Webflow offre une base solide pour les Core Web Vitals grâce à son hébergement CDN, son code propre et l'absence de plugins. Mais même sur Webflow, la vigilance reste nécessaire sur les animations, les polices, les embeds et la compression des images. La performance n'est pas un acquis : c'est un indicateur à suivre régulièrement.

Si vous souhaitez un audit de performance de votre site ou un accompagnement pour optimiser vos Core Web Vitals dans le cadre d'une refonte ou d'une optimisation, vous pouvez nous contacter pour un premier échange. Nous partirons de vos scores actuels pour identifier les actions prioritaires.

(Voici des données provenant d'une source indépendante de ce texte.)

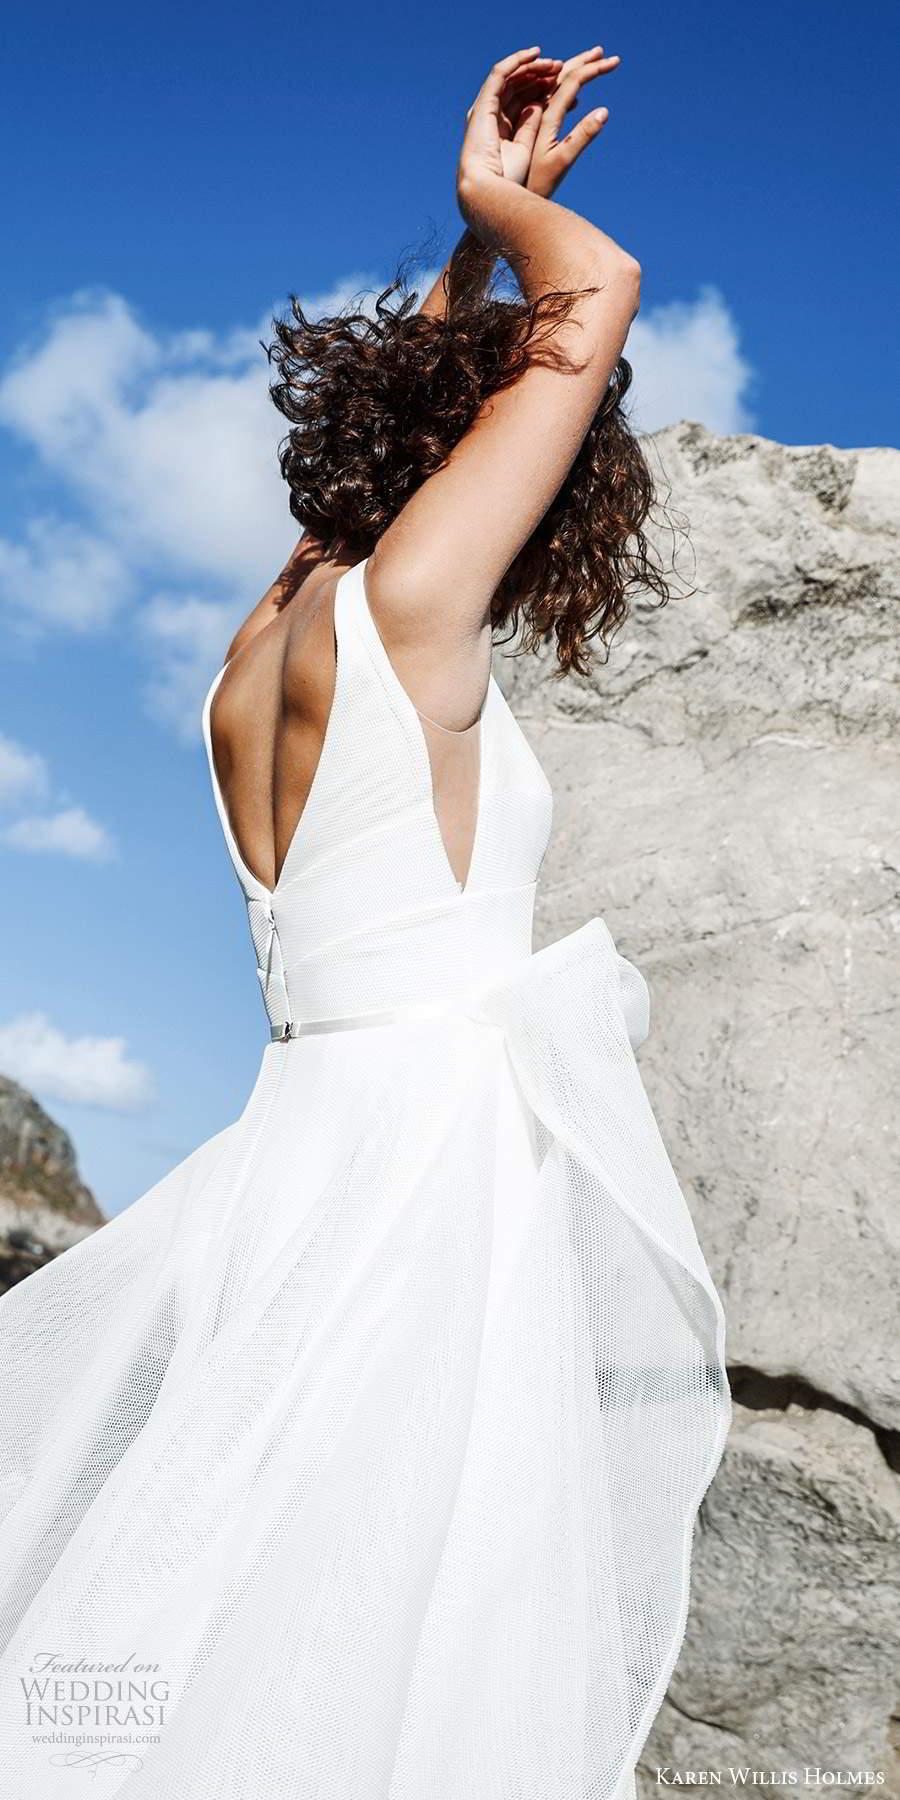 karen willis holmes 2020 bridal sleeveless straps v neckline clean minimally embellished a line ball gown wedding dress chapel train (3) zbv

Core Web Vitals : comprendre et optimiser votre site

FAQ

Les Core Web Vitals sont trois indicateurs définis par Google pour évaluer la qualité de l'expérience utilisateur sur un site Web : LCP (vitesse de chargement du contenu principal), CLS (stabilité visuelle de la page) et INP (réactivité aux interactions). Ils font partie des facteurs de classement de Google et ont un impact direct sur le classement des recherches et les conversions.
Oui. Google utilise les Core Web Vitals comme facteur de classement. Un bon score ne garantit pas une première place (le contenu reste la priorité), mais lorsque contenu et pertinence sont égaux, Google privilégie la page qui offre la meilleure expérience technique. L'impact est particulièrement significatif sur les recherches effectuées à partir d'appareils mobiles.
Trois outils Google gratuits vous permettent de les mesurer. PageSpeed Insights analyse une page donnée et fournit des scores avec des recommandations. La Google Search Console offre une vue d'ensemble du site qui permet d'identifier les pages problématiques. Lighthouse (dans Chrome DevTools) propose un audit technique détaillé. Les données de terrain (Search Console, PageSpeed Insights) reflètent l'expérience utilisateur réelle et sont les plus fiables.
Le LCP (Largest Contentful Paint) mesure la vitesse de chargement du contenu principal de la page (seuil : inférieur à 2,5 secondes). Le CLS (Cumulative Layout Shift) mesure la stabilité visuelle en détectant les éléments qui « sautent » pendant le chargement (seuil : inférieur à 0,1). L'INP (Interaction to Next Paint) mesure la réactivité du site aux interactions des utilisateurs, telles que les clics et les tapotements (seuil : inférieur à 200 millisecondes). L'INP a remplacé le FID en mars 2024.
Oui. Webflow offre plusieurs avantages natifs : un CDN global performant, un code HTML/CSS propre sans surcharge des plugins, des images automatiquement converties en WebP, un chargement différé natif et une compression activée par défaut. Ces caractéristiques constituent une base de performance solide. Les domaines à surveiller incluent les animations complexes, les polices personnalisées, les intégrations tierces et les images surdimensionnées qui doivent être compressées avant l'upload.
Une vérification mensuelle dans Google Search Console est une bonne pratique. Il est également recommandé de mesurer les scores après chaque modification importante du site (ajout de fonctionnalités, nouveau script, mise à jour du contenu, modification de la police ou de l'image). Un bon score peut se dégrader après un ajout apparemment mineur, et le récupérer rapidement vous permet de le corriger avant que l'impact sur le référencement ne se fasse sentir.